The temporal component for the dose-response relationship is also important. A
CBR is not a good surrogate for some compounds when exposure and response are
separated by long periods of time (e.g., mutagenicity) such that the measured dose
does not reflect the dose that led to the response.
Metals
A dose-response relationship may be observed for many organic compounds; however, some metals may not exhibit such a correlation. High concentration of aqueous
metal can interact at the gill surface and cause toxicity without increasing total tissue concentrations by destroying the tissue or causing excessive mucous production
that will lead to reduced uptake of oxygen and suffocation. At lower concentrations,
metals will bioaccumulate; however, many factors, such as metallothionein (MT) induction, formation of detoxified granules, specific tissue affinity, and homeostatic
regulation can preclude a whole-body, dose-response relationship. Metallothionein,
an inducible protein, can sequester free metals and render them non-toxic.
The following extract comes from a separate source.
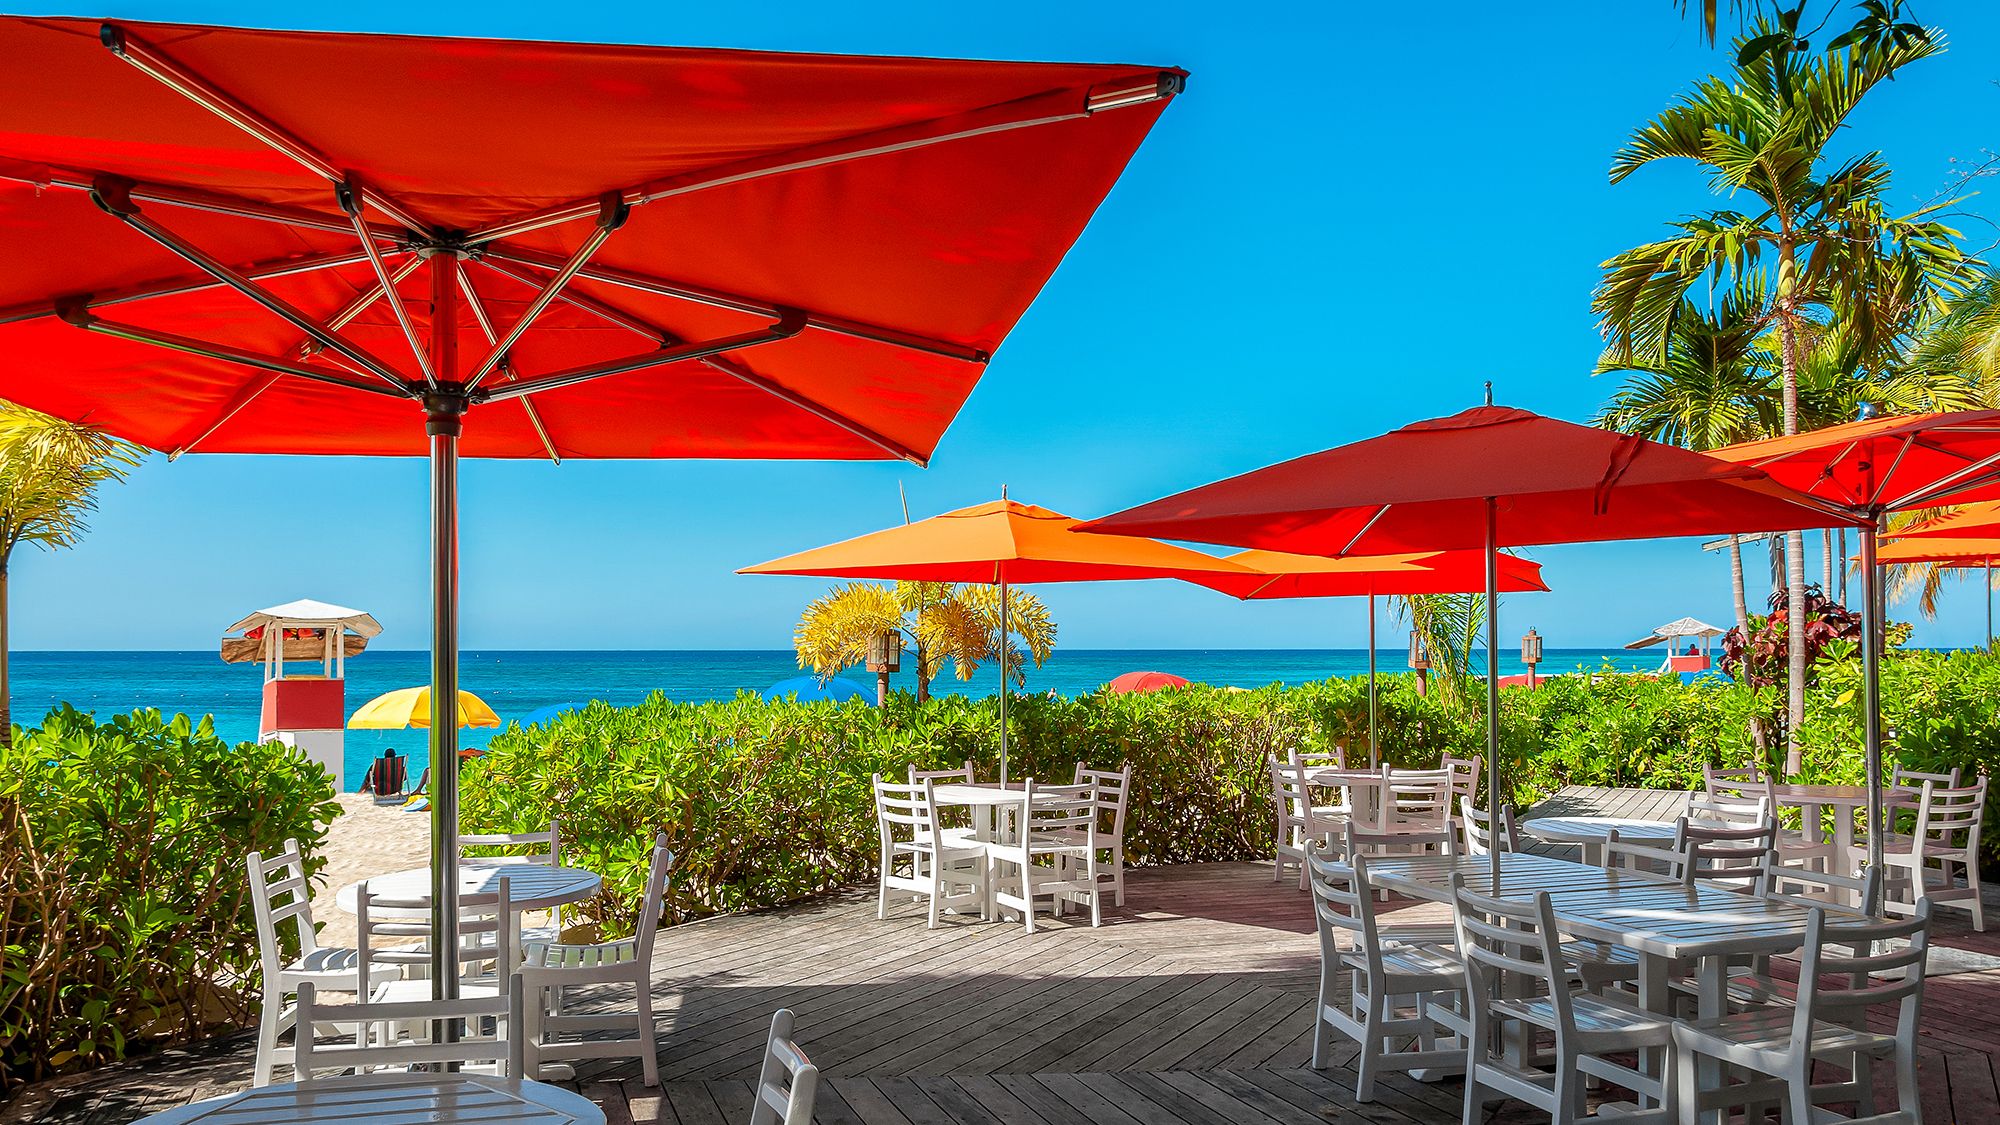 Something For Everyone At These Amazing Restaurants In Montego Bay

Induction of MT proteins is a common physiological response in many aquatic species due
to exposure to several metals including cadmium, copper, mercury, nickel, silver, and
zinc.
For many species, homeostatic regulation of internal metal concentrations maintain near constant levels in the face of variable environmental concentrations. For
those species that are considered regulators, homeostatic control of metal concentrations in tissue will likely be exceeded at some exposure concentration, resulting
in increases in whole-body concentrations that may exhibit a dose-response relationship. According to Rainbow and Dallinger (1993), regulation of metals at the
whole-body level is not common in invertebrates and is somewhat restricted to essential elements (e.g., copper and zinc). These authors also note that some species that
are considered net accumulators will exhibit regulation at the tissue level, which may
affect the concentration at the site of action and the assumption that whole-body
residues are a surrogate for concentrations at the site of action.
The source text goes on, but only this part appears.